DATASET SECTION:
◆ ◆ ◆ ◆ ◆

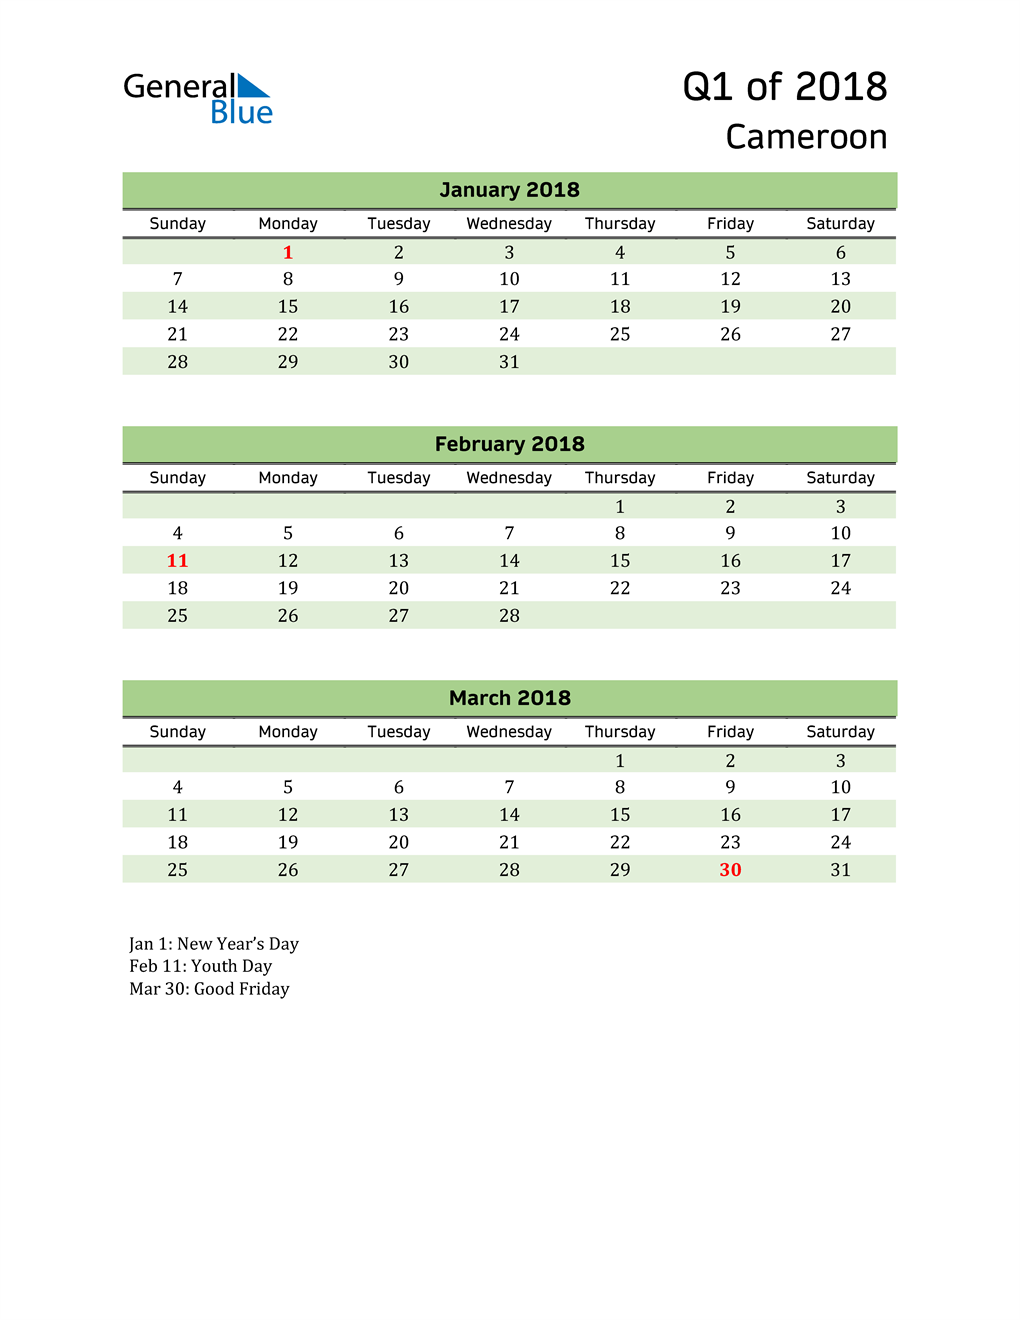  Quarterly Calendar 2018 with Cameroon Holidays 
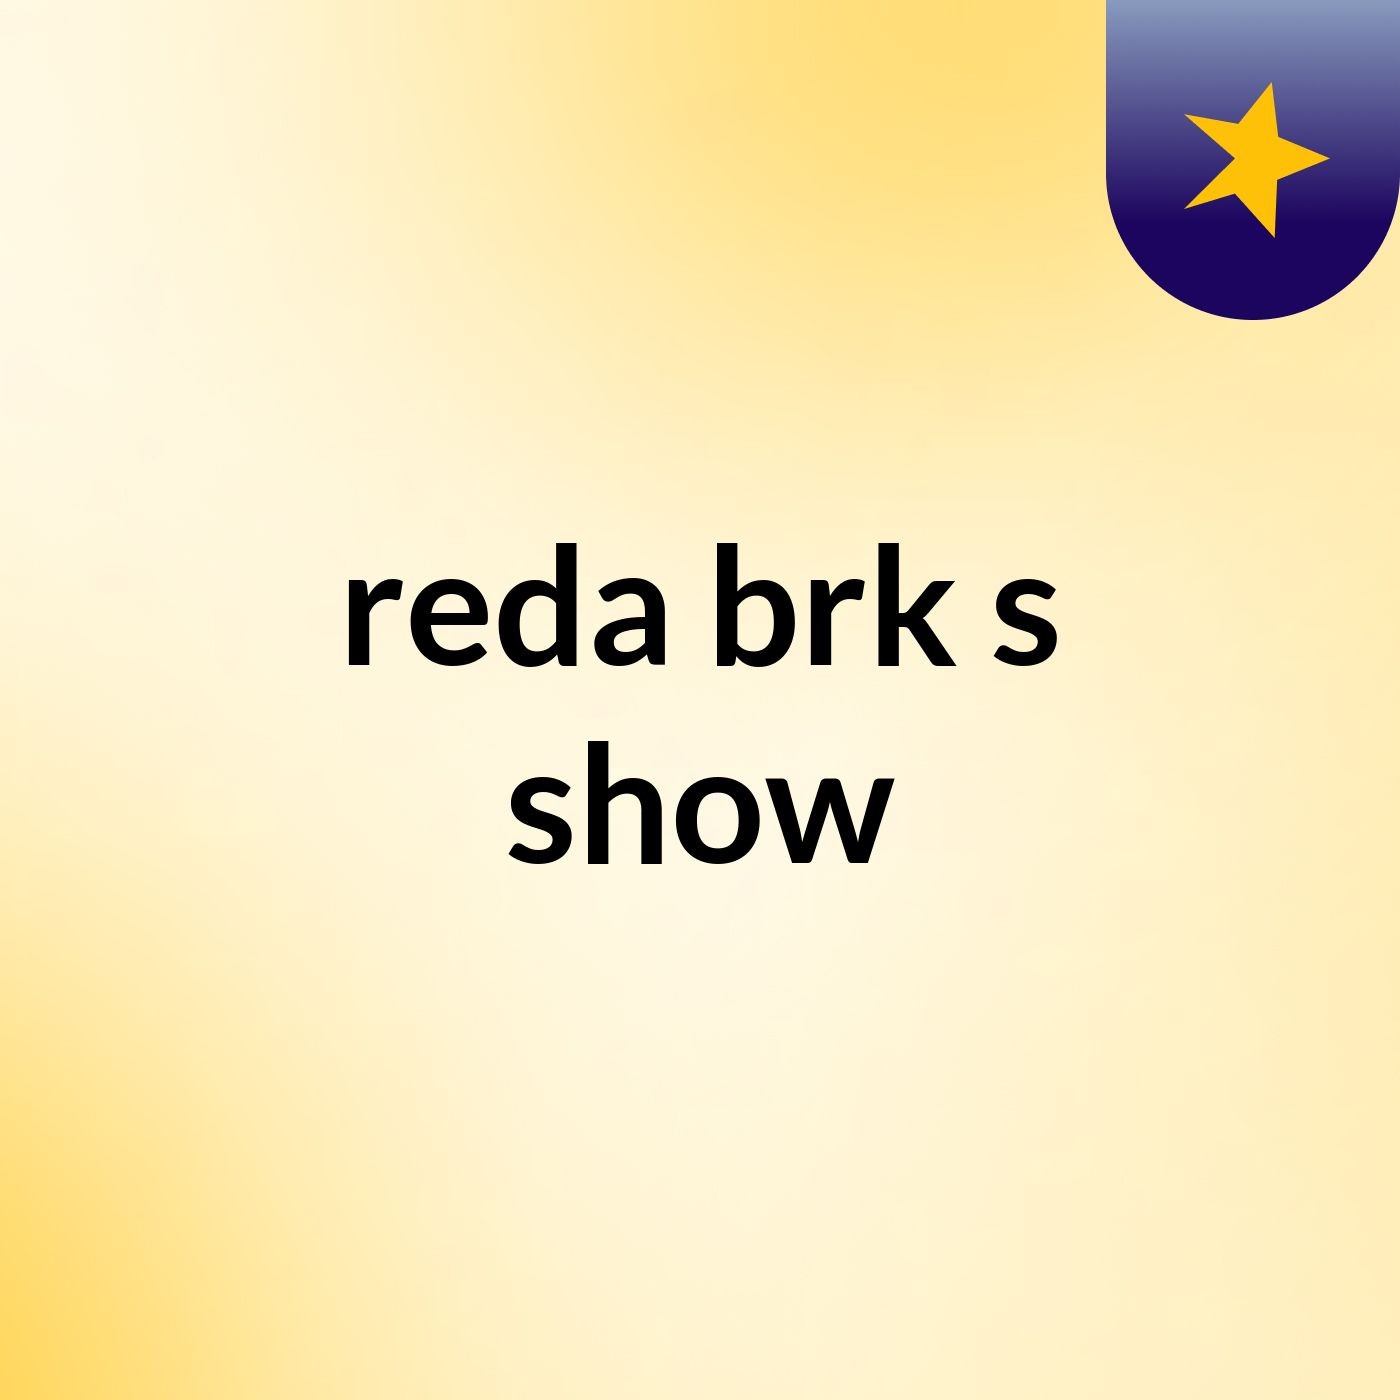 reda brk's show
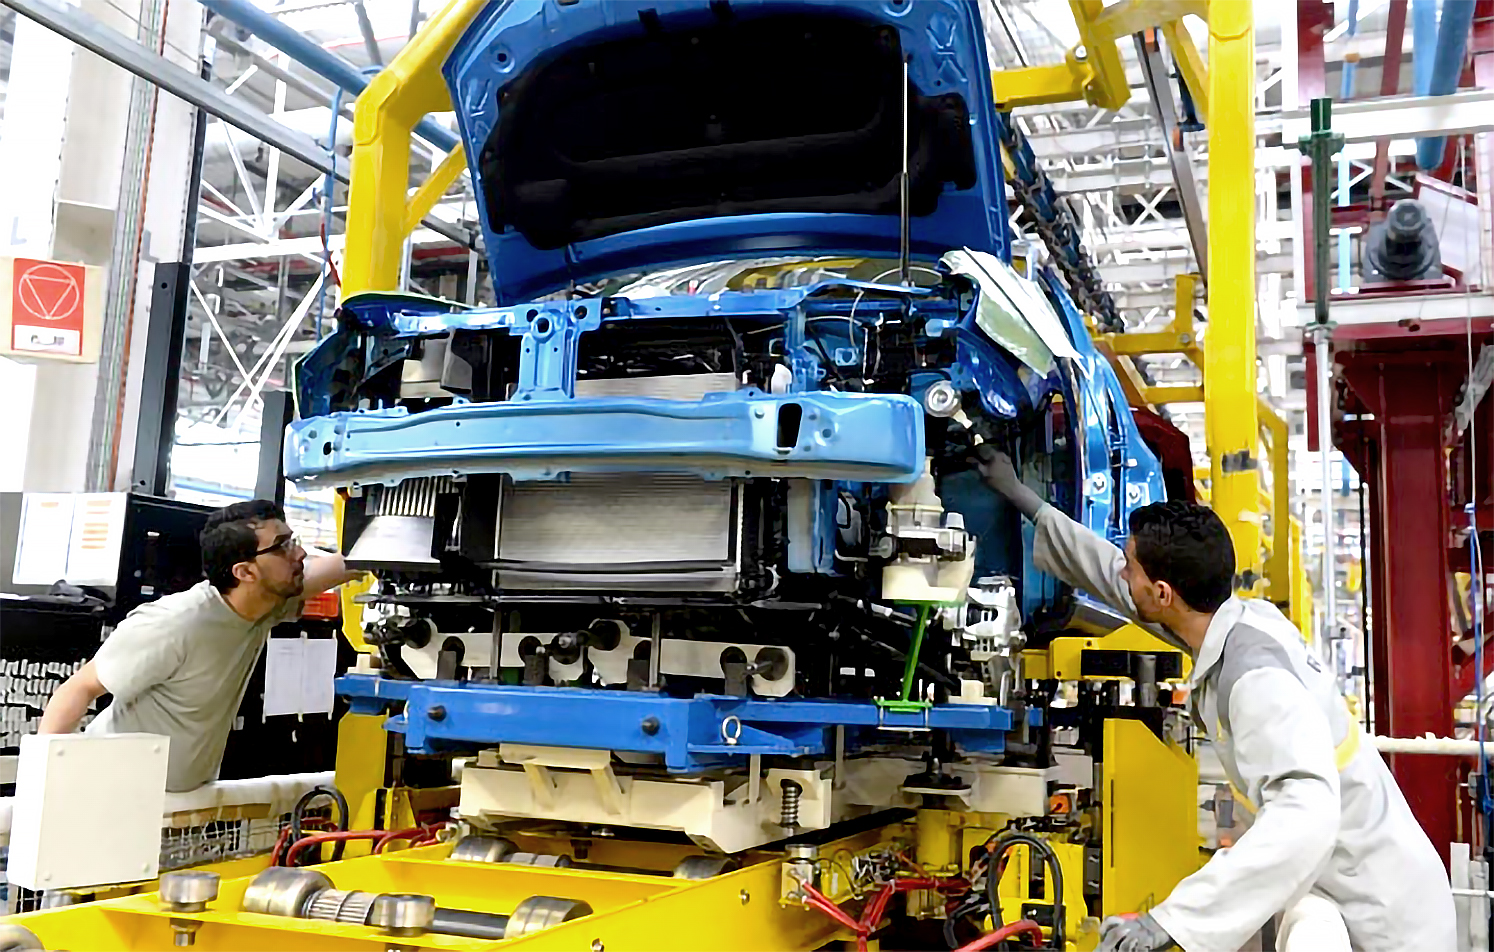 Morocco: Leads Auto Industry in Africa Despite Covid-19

◆ ◆ ◆ ◆ ◆

WHAT TO WORK ON:
Drop the pictures, then repeat the material word for word.

ANSWER TO THE PROBLEM:
  Quarterly Calendar 2018 with Cameroon Holidays 
 reda brk's show
 Morocco: Leads Auto Industry in Africa Despite Covid-19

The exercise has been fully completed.